The Mistress’s Daughter by A.M. Homes: This grew out of a New Yorker article Homes published about meeting her biological parents in her early 30s. Her mother carried on an affair with her married boss, starting when she was just a teenager – Homes learned that she was the mistress’s daughter. This is the story of how her birth mother tried to get involved in her life, in a really rather stalker-ish way, and the occasional contact she had from her birth father. The blow-by-blow gets a little boring, especially when it’s Homes and her father only communicating via lawyers. Homes doesn’t really make much of a contribution to the literature of adoption, though this is a pleasant enough read. “I am an amalgam. I will always be something glued together, something slightly broken.” [Bought from a library book sale in America for $1.]
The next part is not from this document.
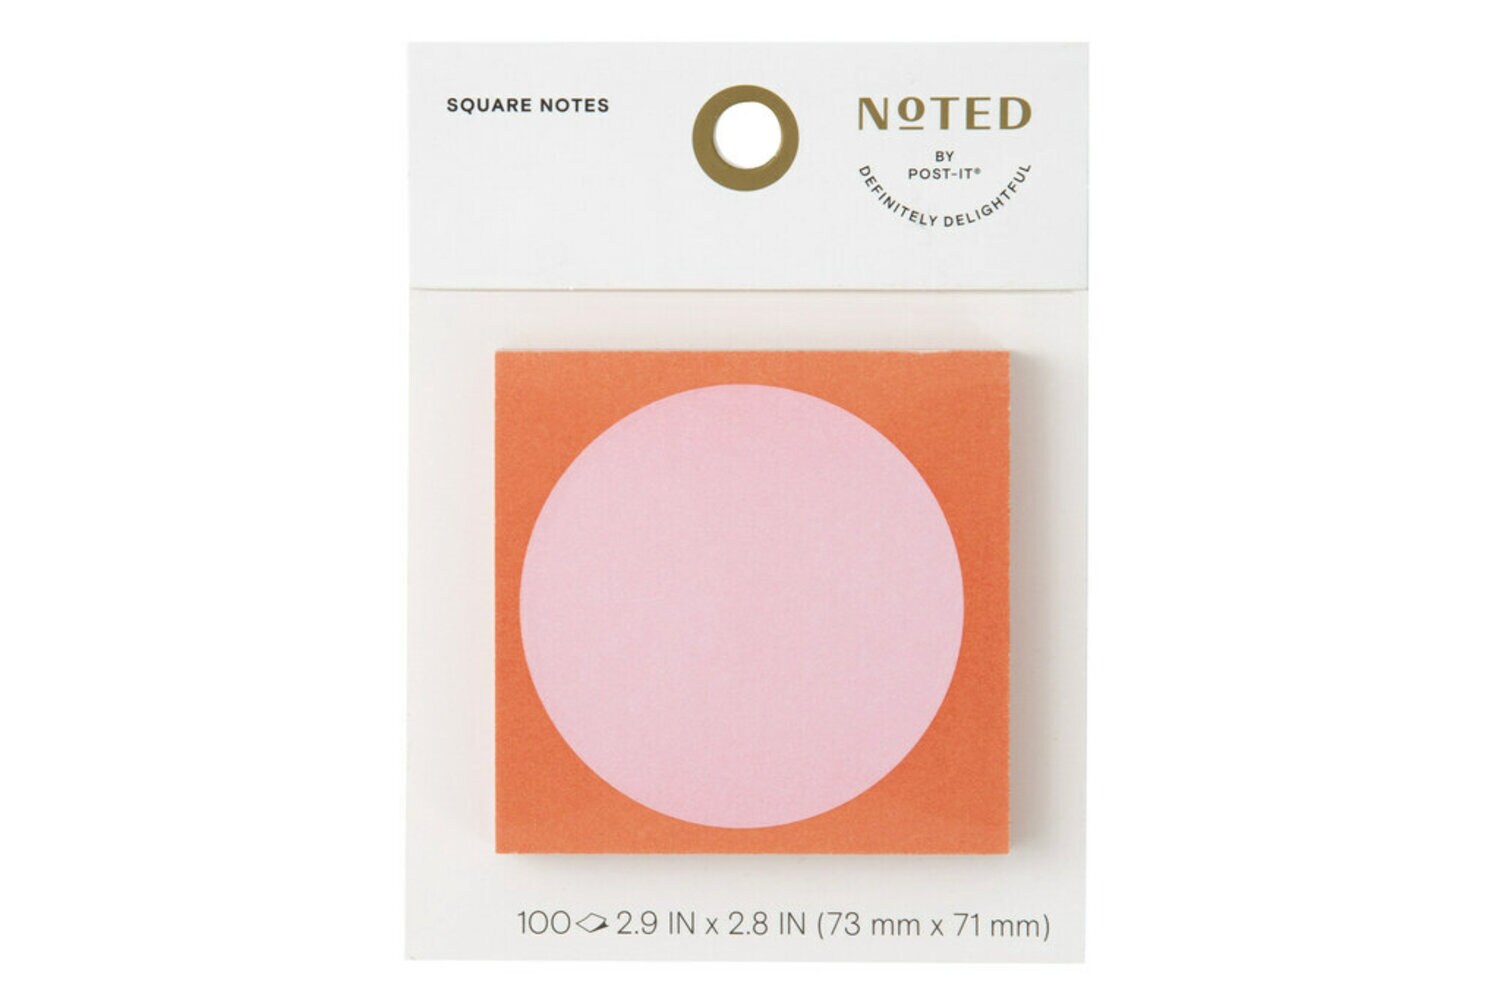 7100275594 - Post-it Square Notes NTD6-33-2, 2.9 in x 2.8 in (73 mm x 71 mm)

Summertime by Vanessa Lafaye: An enjoyable historical novel based on several true-life elements: a work camp of army veterans based at the Florida Keys, segregation and lynching, and a massive hurricane that hit in 1935. Main characters Missy and Henry are well drawn, but beyond them I thought Lafaye splits the perspective too far: I didn’t need to see through the eyes of lots of the veterans, the shopkeeper, or the policeman investigating the brutal beating of a local white woman. As for this crime, I knew whodunit pretty much right away, so there wasn’t any suspense regarding that plot point. However, Lafaye does do a great job of building tension in the novel’s final third as the storm approaches. The U.S. title (Under a Dark Summer Sky) is much better; “Summertime” evokes strangely rosy images and so is inappropriate. [I won a copy in a Goodreads giveaway.]
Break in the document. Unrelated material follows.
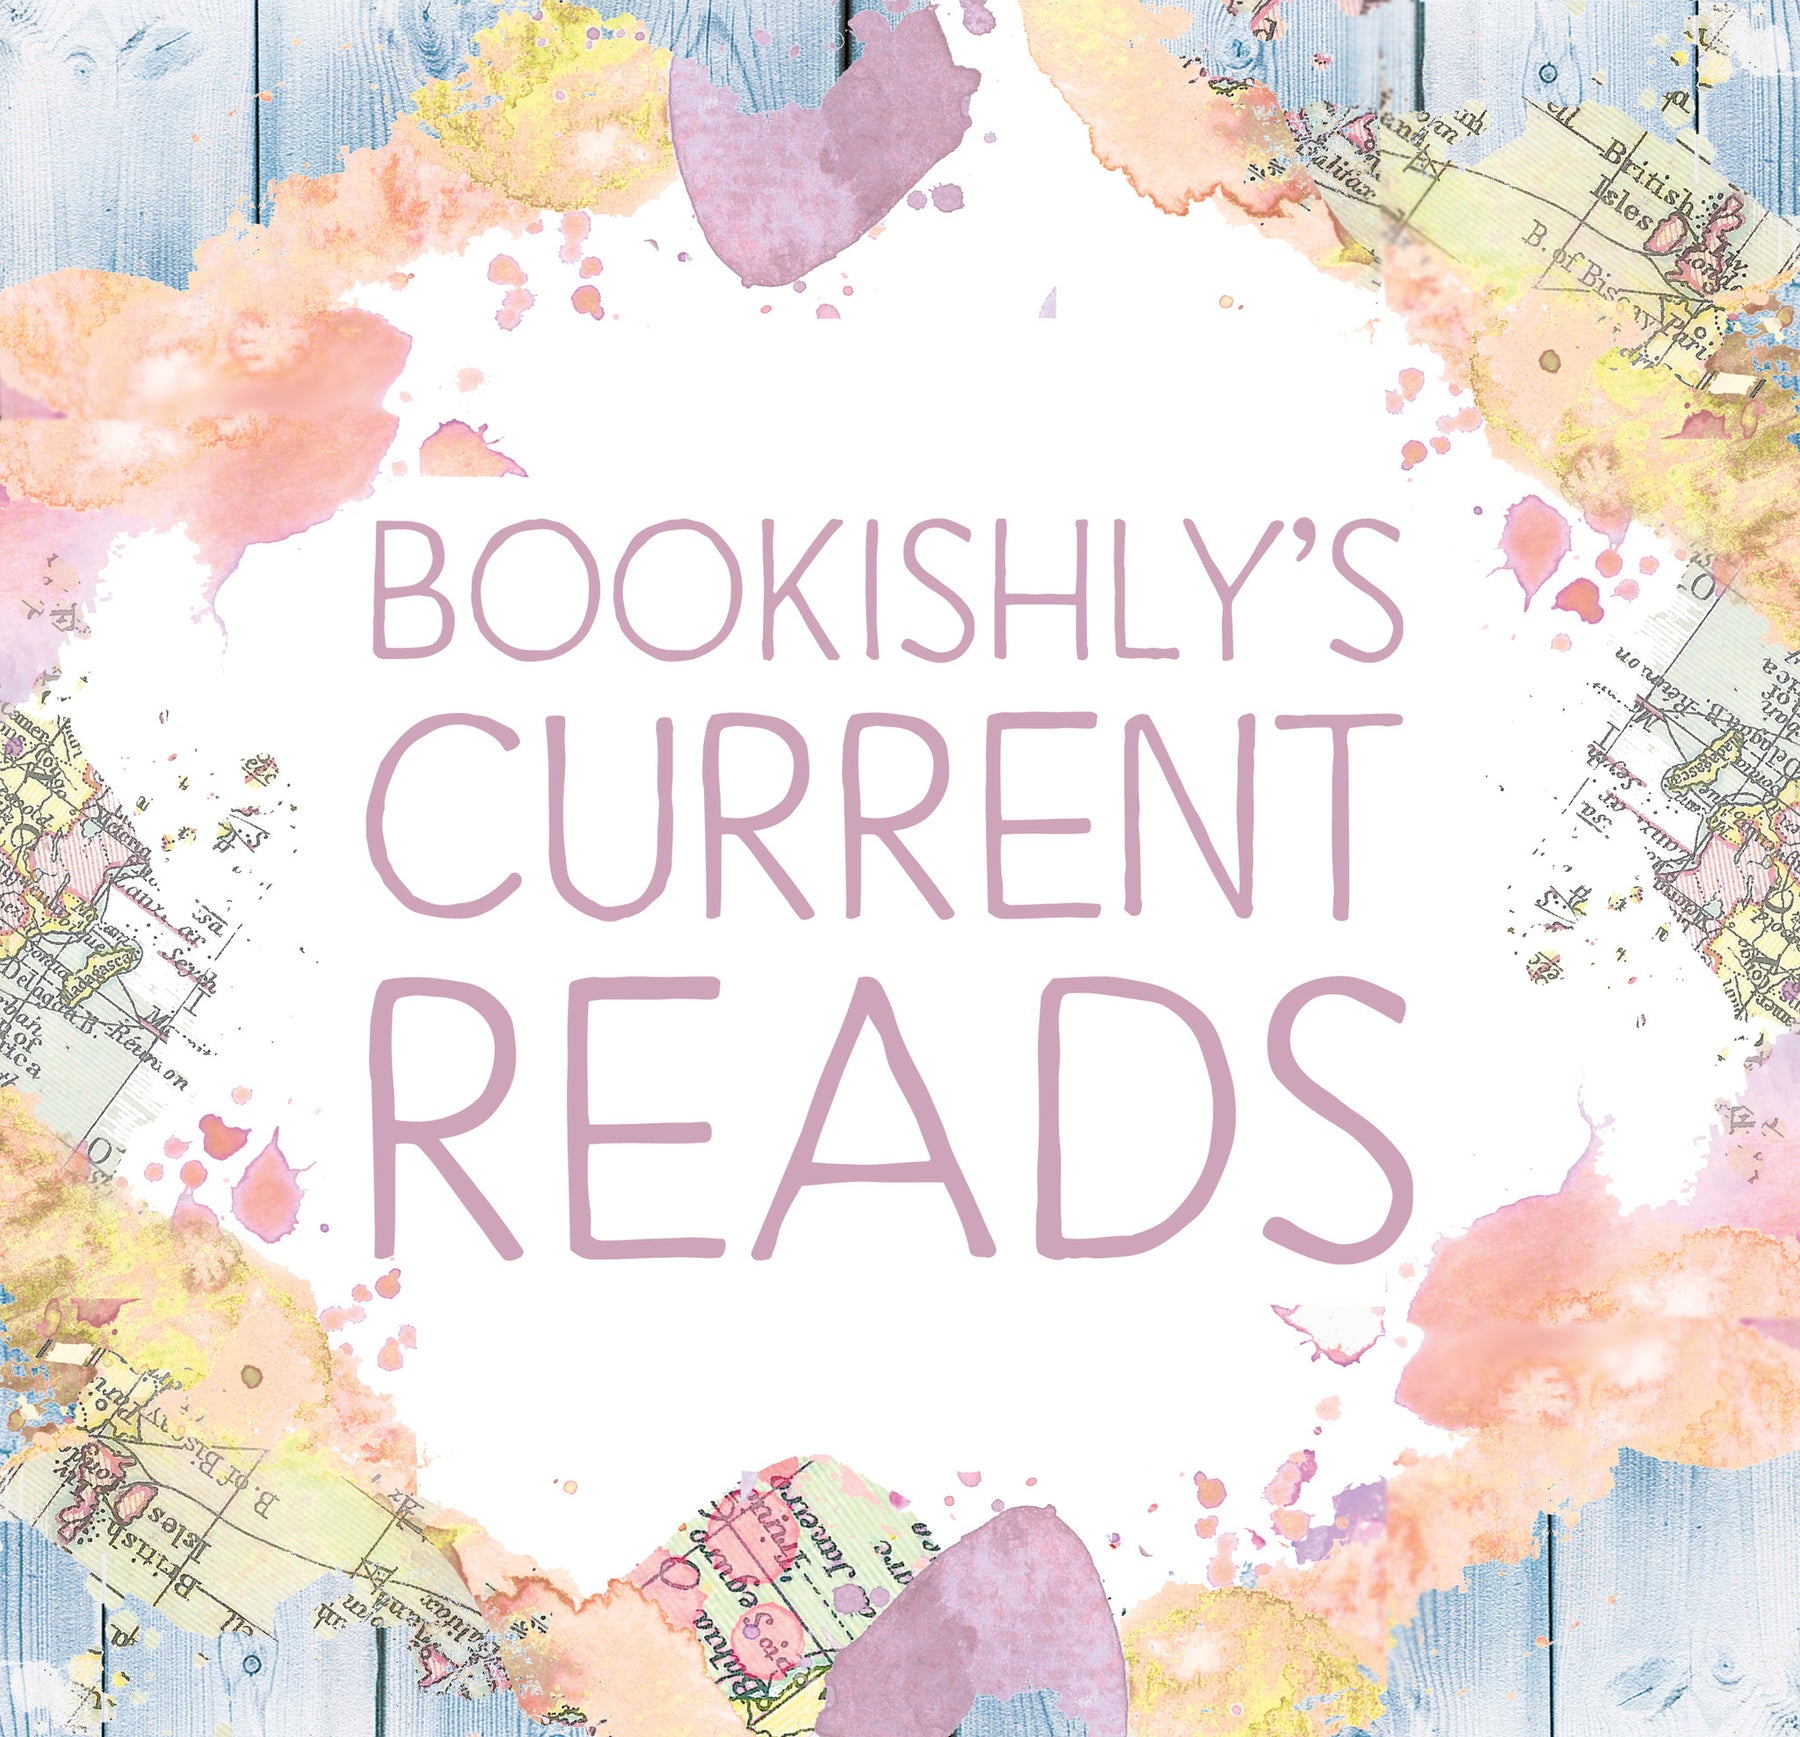 Bookishly's Current Reads!

So Many Books, So Little Time: A Year of Passionate Reading by Sara Nelson: Nelson is forthright about what she likes and doesn’t like; she also ruefully reflects on the gap between what she meant to read and what she actually read in 2002. Her reading diary tells a lot about her personal life too: having a non-reading spouse and a novelist sister; memories of her late father; and the struggle to instill a love of reading into her young son. Inevitably a little dated as it engages with ‘It’ books of the time like A Million Little Pieces and Kitchen Confidential, the book has staying power because in each chapter Nelson broadens out from her discussion of one or more books to craft a thematic essay. This was meant to be my bedside book for the second half of the year, but I devoured it in less than seven weeks. It’s full of lines bibliophiles can relate to. [Free from The Book Thing of Baltimore.] 
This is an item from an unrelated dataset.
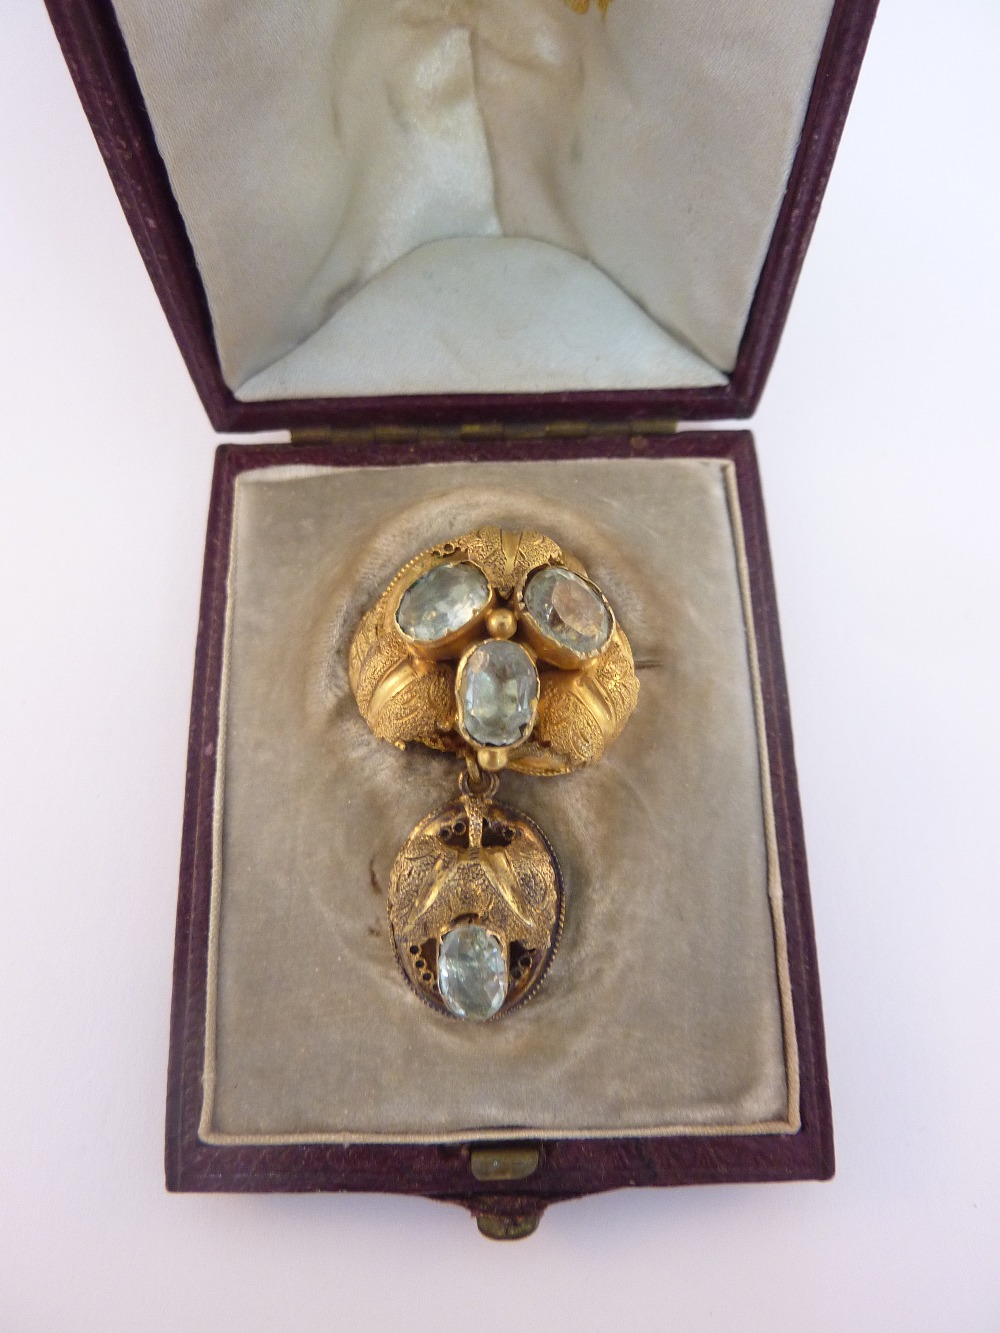 AN EARLY 20TH CENTURY BROOCH, designed as three oval shape aquamarines surrounded by blooming

The Debt to Pleasure by John Lanchester: Tarquin Winot, the snobby Francophile who narrates Lanchester’s debut novel, has a voice reminiscent of Oliver in Julian Barnes’s Talking It Over and Love etc. His opinionated, verbose speech provides much of the book’s wit. “This is not a conventional cookbook,” the first line warns, but a foodie’s tribute to traditional English and French dishes that compose the best seasonal menus. As we travel with Tarquin from Portsmouth to Provence we learn more about this peculiar character through the memories dishes elicit: about his Irish nanny, his sculptor brother’s boarding school years, etc. Lanchester subtly introduces notes of doubt about the narrator’s reliability, until we have to wonder how much his tale resembles Perfume or The Talented Mr. Ripley. Deliciously clever and sinuous. [Bought from a London charity shop for 20 pence.]